This is NOT a straight line! The spine is constructed to exist in a series of curves—the vertebrae are actually wedge-shaped to varying degrees to create these curves. In a neutral spine position, the top and bottom surfaces of each vertebrae are flat against the adjacent intervertebral discs and the next vertebra on either end. In other words, the spine is stacked in a manner that distributes the pressure evenly across the contacting surfaces when you’re standing up.
So many people have been misled on this into believing that neutral spine means a flat spine. In fact, we have a curve in the lower back, in which the spine arches forward (lordosis), an opposing curve in the upper back (kyphosis), and then another lordotic curve in the neck. Straightening the spine from this natural series of curves is NOT neutral, nor is it particularly helpful for much of anything.
The Optimal Arch for the Pull
The back should be set in complete extension—effectively a single continuous arch from the lumbar to cervical spine. The natural lordotic curve of the lumbar spine should be exaggerated slightly and the kyphotic curve of the thoracic spine flattened as much as possible. The latter is often limited in new lifters with the prevalence of thoracic immobility and stiffness, while the former is often prevented by limited hip mobility. Both need to be addressed and corrected as soon as possible in a new lifter’s development, as the ability to establish a proper back arch is one of the most important fundamental elements in successful lifting.

This arch of the entire back creates the most rigid lever arm possible to transmit the force generated by the legs and hips to the barbell. Such an arch shortens the length of the back slightly, reducing the length of the lever arm the musculature must support and move, and creates the best possible position for the spinal extensor muscles to act on the spine—reduced extension increases their mechanical disadvantage. Rounding of the back can reduce the force to the bar by as much as 15%. In addition, the slight hyperextension acts as a buffer against inadvertent lumbar flexion under load, which is the position that creates the greatest risk for injury for the lower back.

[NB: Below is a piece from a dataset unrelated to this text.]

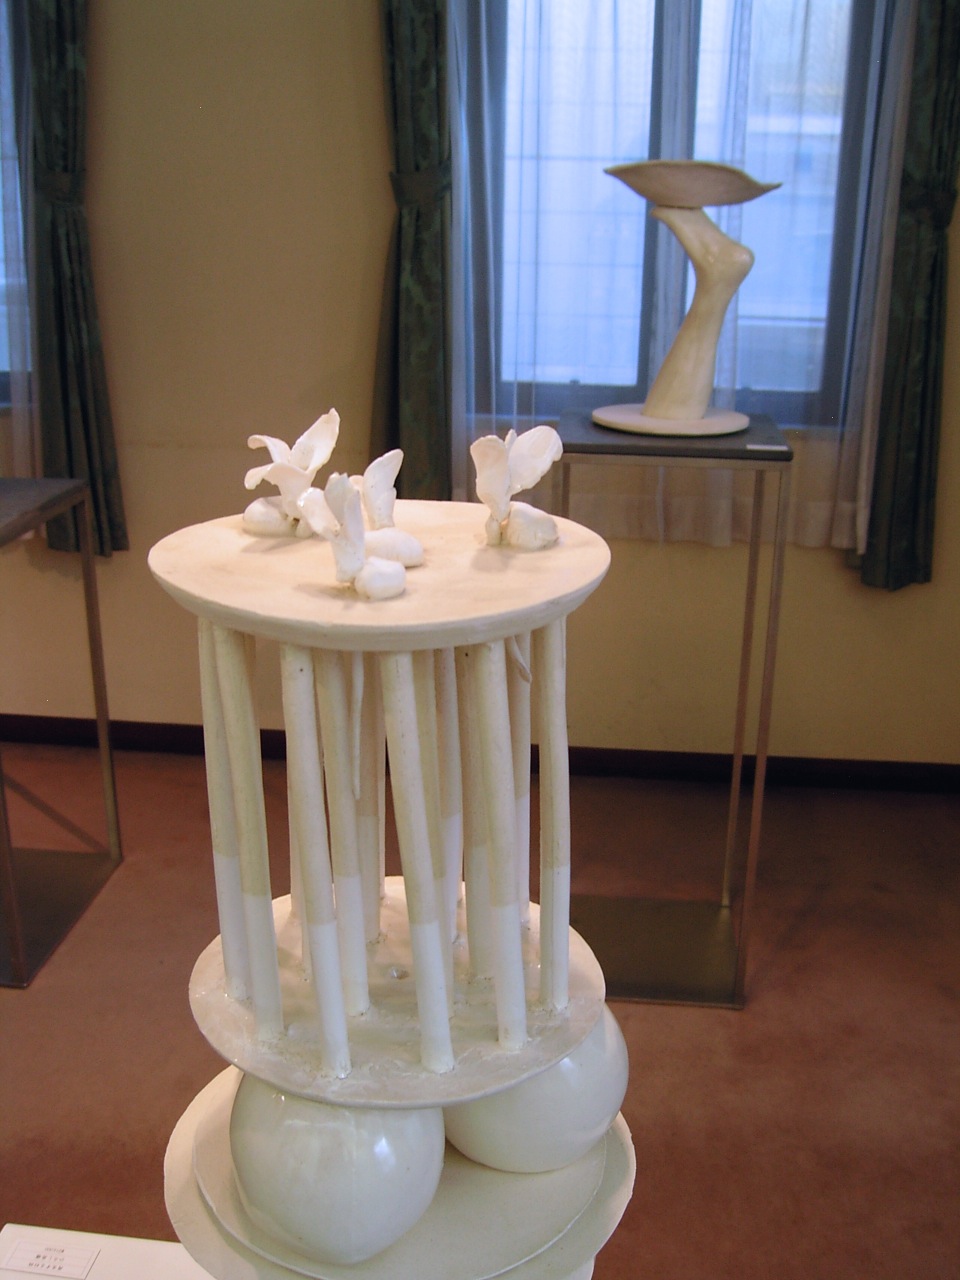 2019年に日本橋壺中居にて行われたTime Crossing展で展示された高橋浩史の彫刻作品

Left: Neutral spine with its natural curves. Right: Complete extension.
The slight exaggeration of the lumbar arch is where people freak out, so let me assuage your fears further if I can. Aside from this being a hedge against a flexion injury and allowing the spinal extensors to better hold the spine’s position, keep in mind the position and movement we’re talking about here: we’re bending over and lifting a weight attached to the end of our spines. In other words, we have a load at the end of a long lever (the spine), which means we’re resisting torque, not compression.
There is some compressive force, including that created by our own bodies to maintain the spine’s position, but nowhere even approaching what the spine would experience if we were standing vertically with a load on top of us (like in a jerk rack position, for example). So a slight exaggeration of the lumbar arch means a bit more pressure at the posterior side of the vertebrae and discs, but the far greater force is in opposition to that pressure—basically trying to pull the posterior sides of the vertebrae apart. As long as we’re leaning forward, this slight increase in lumbar extension past its natural curve is not only not going to harm the back, but it will better protect it.

With regard to the thoracic spine, we’re aiming to flatten the neutral forward curve because that curve makes it harder for the spinal extensors to resist that forward torque. Again, because we’re not dealing with compressive force, but with torque, the shifting of the contact of the adjacent vertebral surfaces isn’t much of a concern.

Unless there is a pre-existing injury or issue with the neck, the head should be upright, which extends the cervical spine somewhat beyond neutral. The Soviets found decades ago that cervical extension increases the overall extension force the back can create; in other words, if the head is upright, the back is stronger in the pull.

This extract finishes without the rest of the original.